### [DATA EXTRACTS]
--------

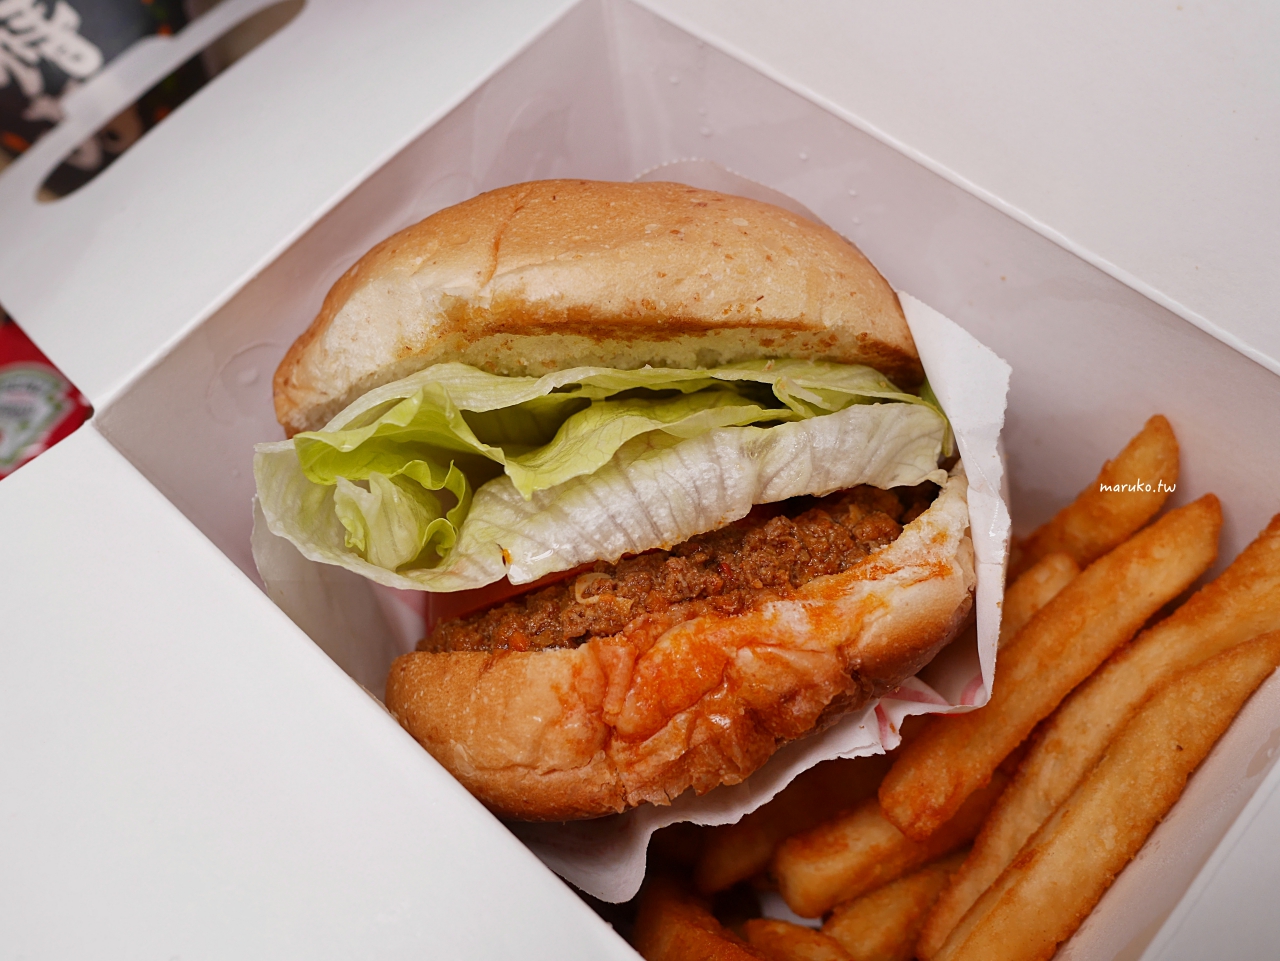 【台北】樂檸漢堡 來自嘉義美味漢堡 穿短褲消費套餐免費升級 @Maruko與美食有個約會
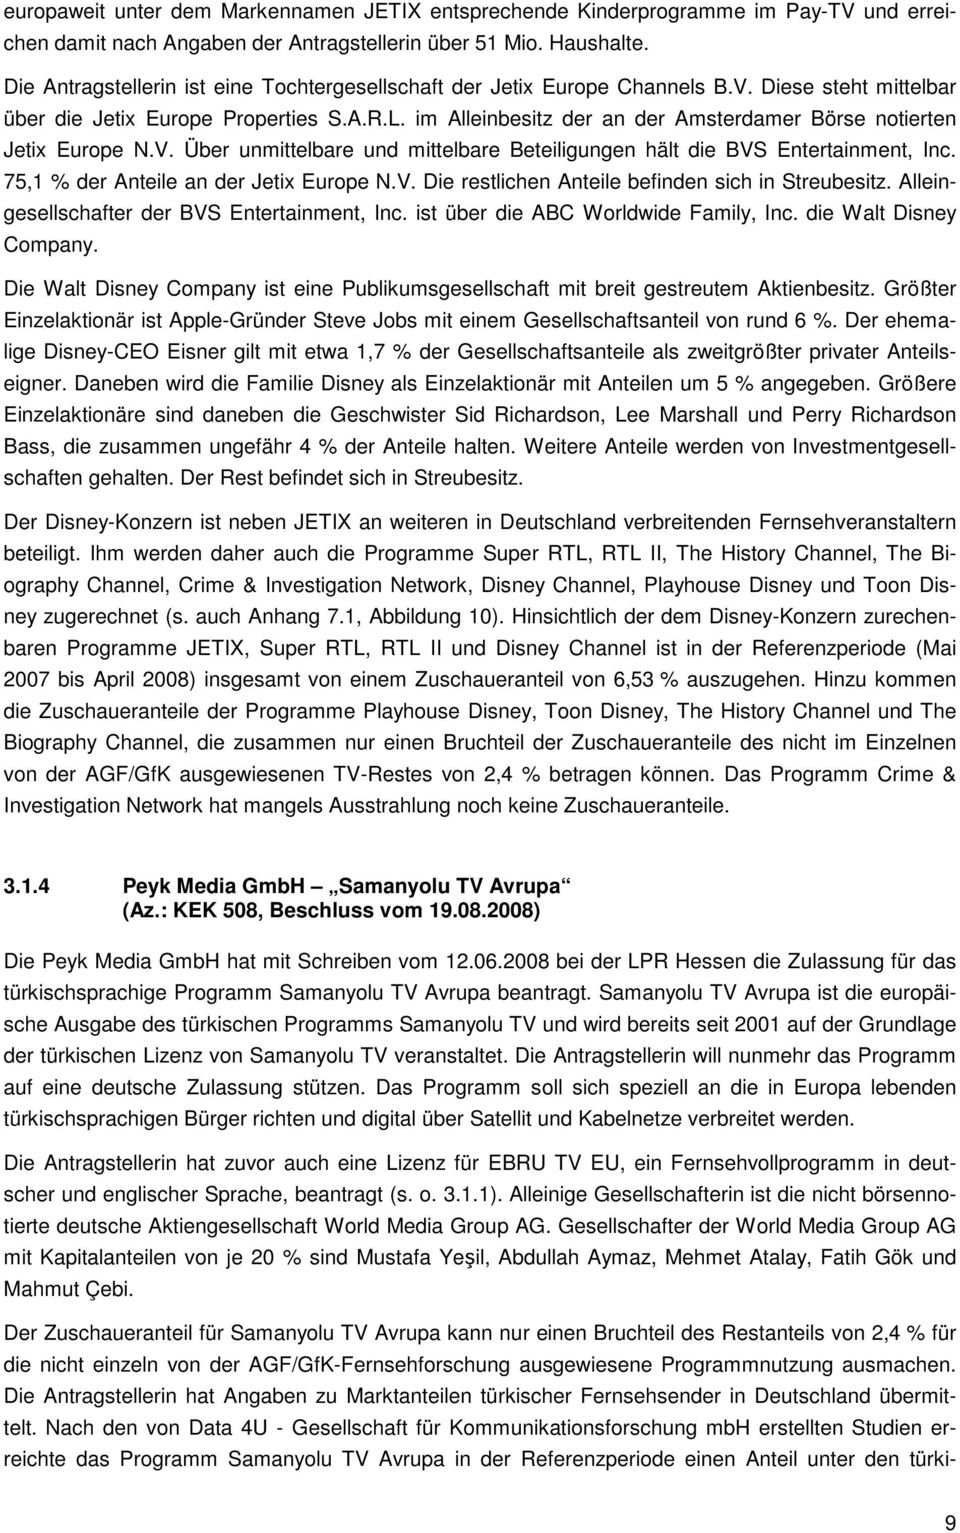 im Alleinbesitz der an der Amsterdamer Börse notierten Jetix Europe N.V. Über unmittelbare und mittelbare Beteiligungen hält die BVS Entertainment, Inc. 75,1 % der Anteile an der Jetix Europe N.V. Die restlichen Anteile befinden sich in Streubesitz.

--------

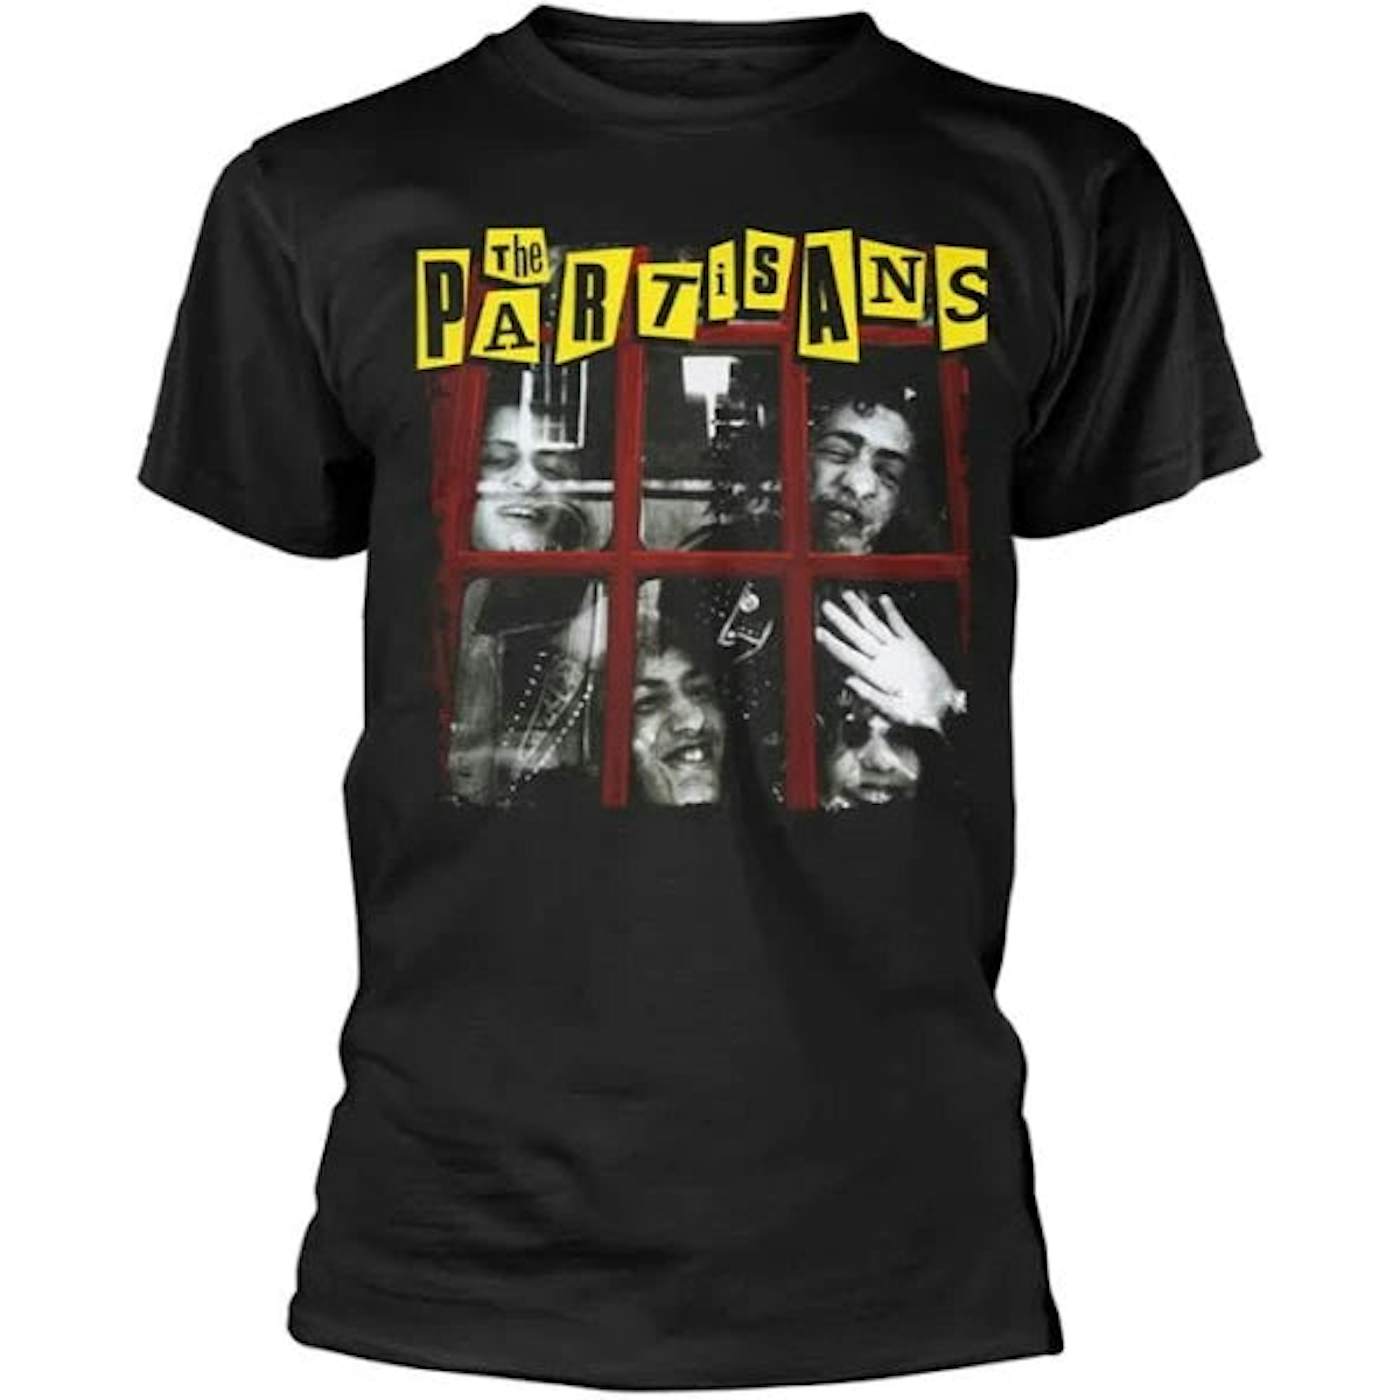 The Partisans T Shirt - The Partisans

--------

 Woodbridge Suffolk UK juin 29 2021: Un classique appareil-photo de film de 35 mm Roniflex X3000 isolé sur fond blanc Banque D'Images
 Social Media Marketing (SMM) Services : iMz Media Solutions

--------

### [WHAT THIS TASK INVOLVES]
In the listing above, find the line with "來自嘉義美味漢堡 穿短褲消費套餐免費升級 @Maruko與美食有個約會" and output it and every line after it up to and including the line with "im Alleinbesitz der", exactly, minus the pictures.

### [COMPLETED EXERCISE]
 【台北】樂檸漢堡 來自嘉義美味漢堡 穿短褲消費套餐免費升級 @Maruko與美食有個約會
 im Alleinbesitz der an der Amsterdamer Börse notierten Jetix Europe N.V. Über unmittelbare und mittelbare Beteiligungen hält die BVS Entertainment, Inc. 75,1 % der Anteile an der Jetix Europe N.V. Die restlichen Anteile befinden sich in Streubesitz.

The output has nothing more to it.